Below is a breakdown of how the two primary votes went locally, and what those decisions could mean for this year’s general election.
The demographics
York County has 153,583 registered voters. More than 38,000 of them, almost 25 percent, cast votes in the Republican primary. Just more than 14,000 voted in the Democratic primary, for a 9 percent turnout.
Fort Mill has 20 precincts. Tega Cay has three. Those precincts have a combined 43,691 registered voters. The biggest precincts are Fort Mill No. 1 (2,737 voters), Steele Creek (2,530), Fort Mill No. 2 (2,370) and Shoreline (2,312). The smallest are Carolina (1,200), Stateline (1,337) and Baxter (1,383).
Who voted Republican?
In 16 of 23 local precincts, at least 25 percent of registered voters cast ballots in the Republican primary. Highest percentages came from Orchard Park, Fort Mill No. 2 and Dobys Bridge, all with more than 30 percent. Orchard Park led with 34 percent.
In every local precinct, the top three vote-getters were Donald Trump, Marco Rubio and Ted Cruz. Trump won 14 precincts, finishing third only three times. Rubio won seven. Cruz won the remaining two. In Tega Cay, all three precincts voted Trump, Rubio and Cruz in that order, the most common finish locally.
Who voted Democrat?
Turnout ranged from 4.82 percent at Fort Mill No. 4 to 9.62 percent at Fort Mill No. 5. The most votes came from Fort Mill No. 1 (190), Windjammer (167), Palmetto (161) and Shoreline (156). Tega Cay cast more Democratic votes, by percentage, than Fort Mill.

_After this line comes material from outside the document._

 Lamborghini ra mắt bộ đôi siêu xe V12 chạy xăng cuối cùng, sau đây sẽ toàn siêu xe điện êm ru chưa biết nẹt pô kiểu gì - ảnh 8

But, the highest number of Democratic votes from a precinct still trailed the lowest number of Republican votes from a precinct by 67 votes.
The Democratic contest was a two-person race, with Hillary Clinton (63 percent) and Bernie Sanders (36 percent) collecting more than 99 percent of the vote countywide. The rest were write-ins. Clinton won 18 local precincts, Sanders the remaining five. Her biggest win came by 69 votes in Fort Mill No. 4, her smallest by a single vote in Fort Mill No. 2. Sanders won biggest in Baxter, by nine votes. His closest wins came in the Riverview and Shoreline precincts, each by three votes.
Why it matters
Along with helping decide presidential nominations, local primaries offer a glimpse of the voting population in the township. This year brings one of the few local elections where those demographics matter.

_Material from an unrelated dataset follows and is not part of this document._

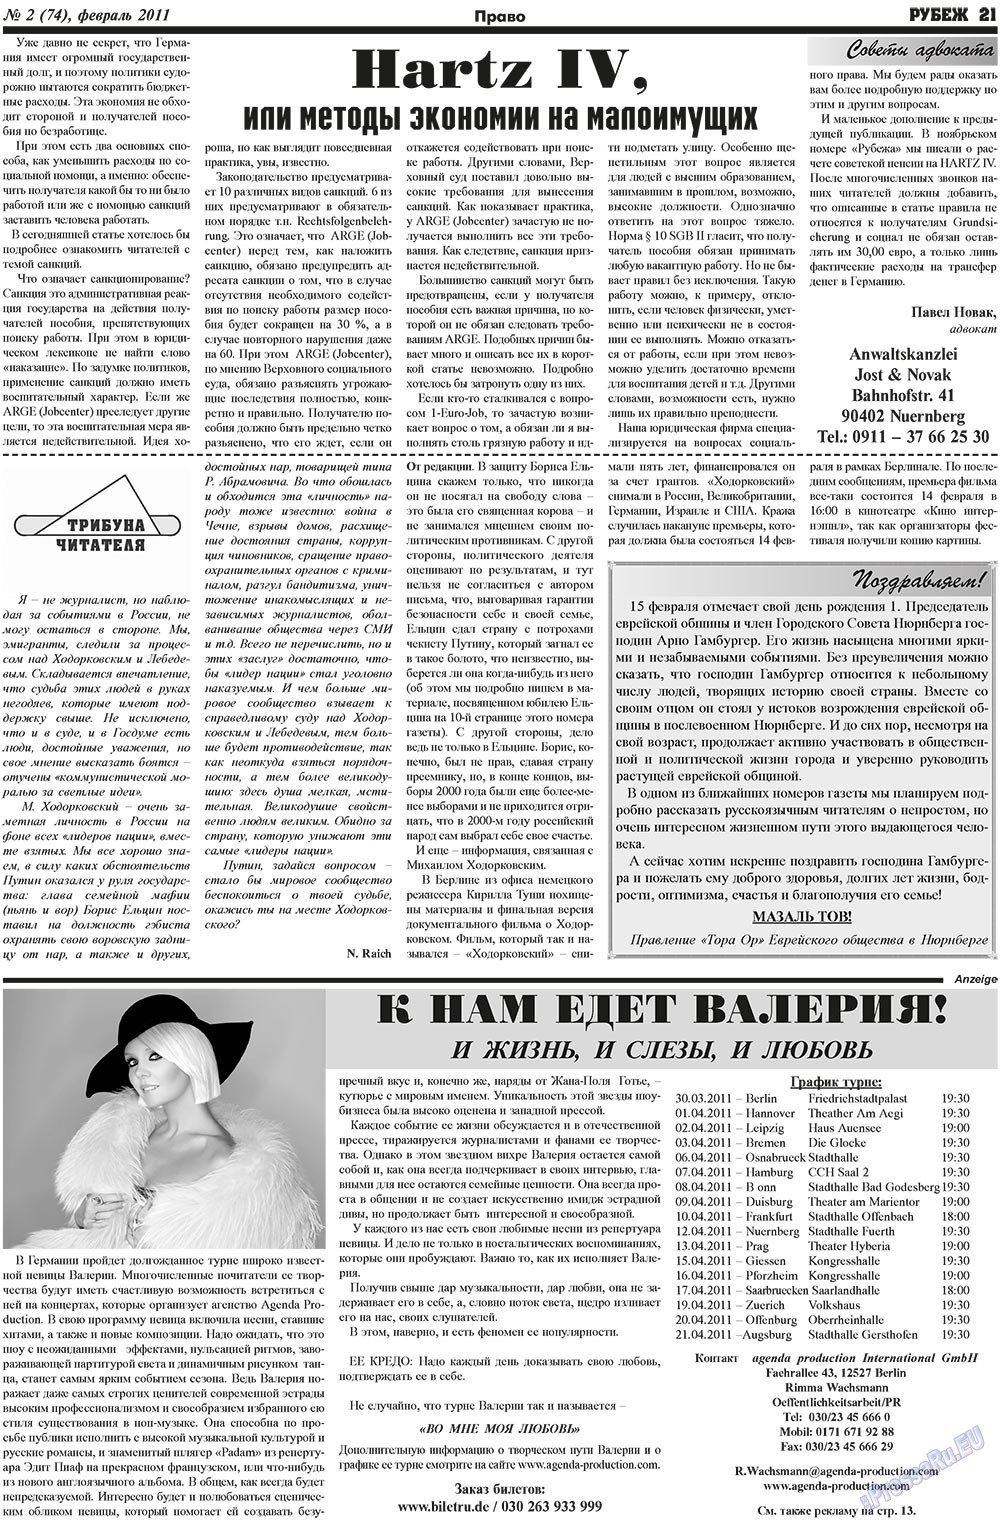 Рубеж (газета). 2011 год, номер 2, стр. 21

All seven York County Council seats, including three representing parts of Fort Mill or Tega Cay, come due this fall. Unlike Fort Mill Town Council, Tega Cay City Council and the Fort Mill School Board, the county seats involve partisan votes. Two of those three seats belong to Republicans, one to a Democrat.

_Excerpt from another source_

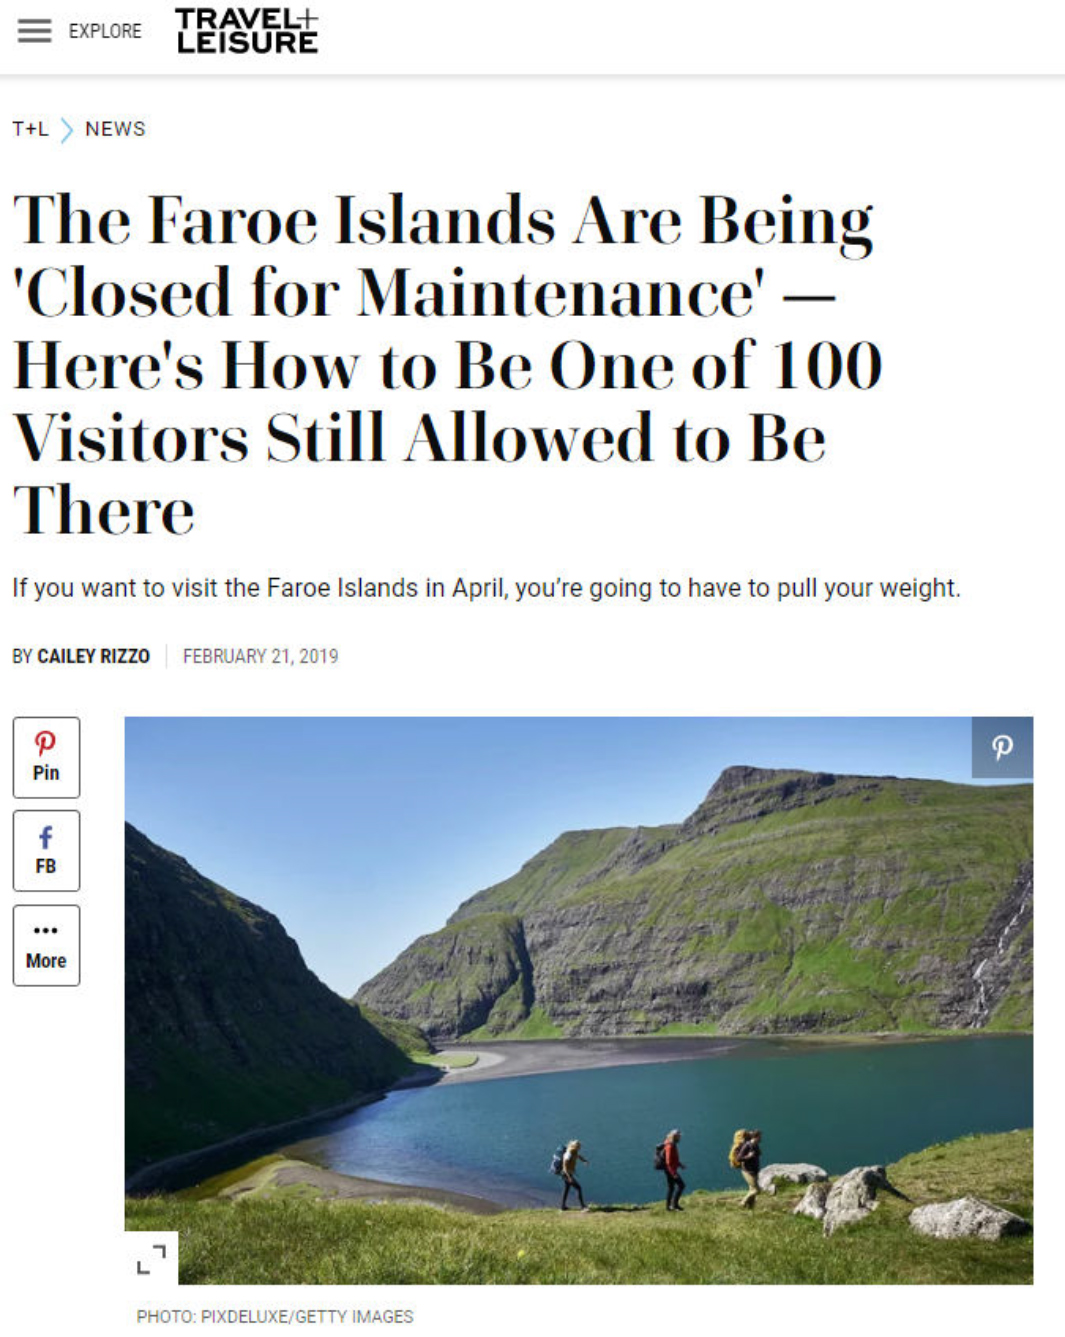 Faroe Islands Travel + Leisure-2.jpg

In 2014, neither Michael Johnson, Christi Cox or Chad Williams had opposition in the general election. If multiple candidates from any party file for any of the three local seats this year, those parties will select a single candidate during the June 14 primaries. If any of the seats have candidates from multiple parties, the general election will decide the seat Nov. 8.
Filing for the county seats opens March 16, running through March 30. While those seats could be decided this summer or by single-candidate filings, a fall contest likely would bring out the highest voter turnout in years.
In 2014, York County voters cast more than 58,000 votes in the general election, good for a 39 percent voter turnout. Despite a smaller population in 2012, the last time a presidential race made the ballot, more than 100,000 York County voters cast ballots. Those votes represent a 70 percent voter turnout.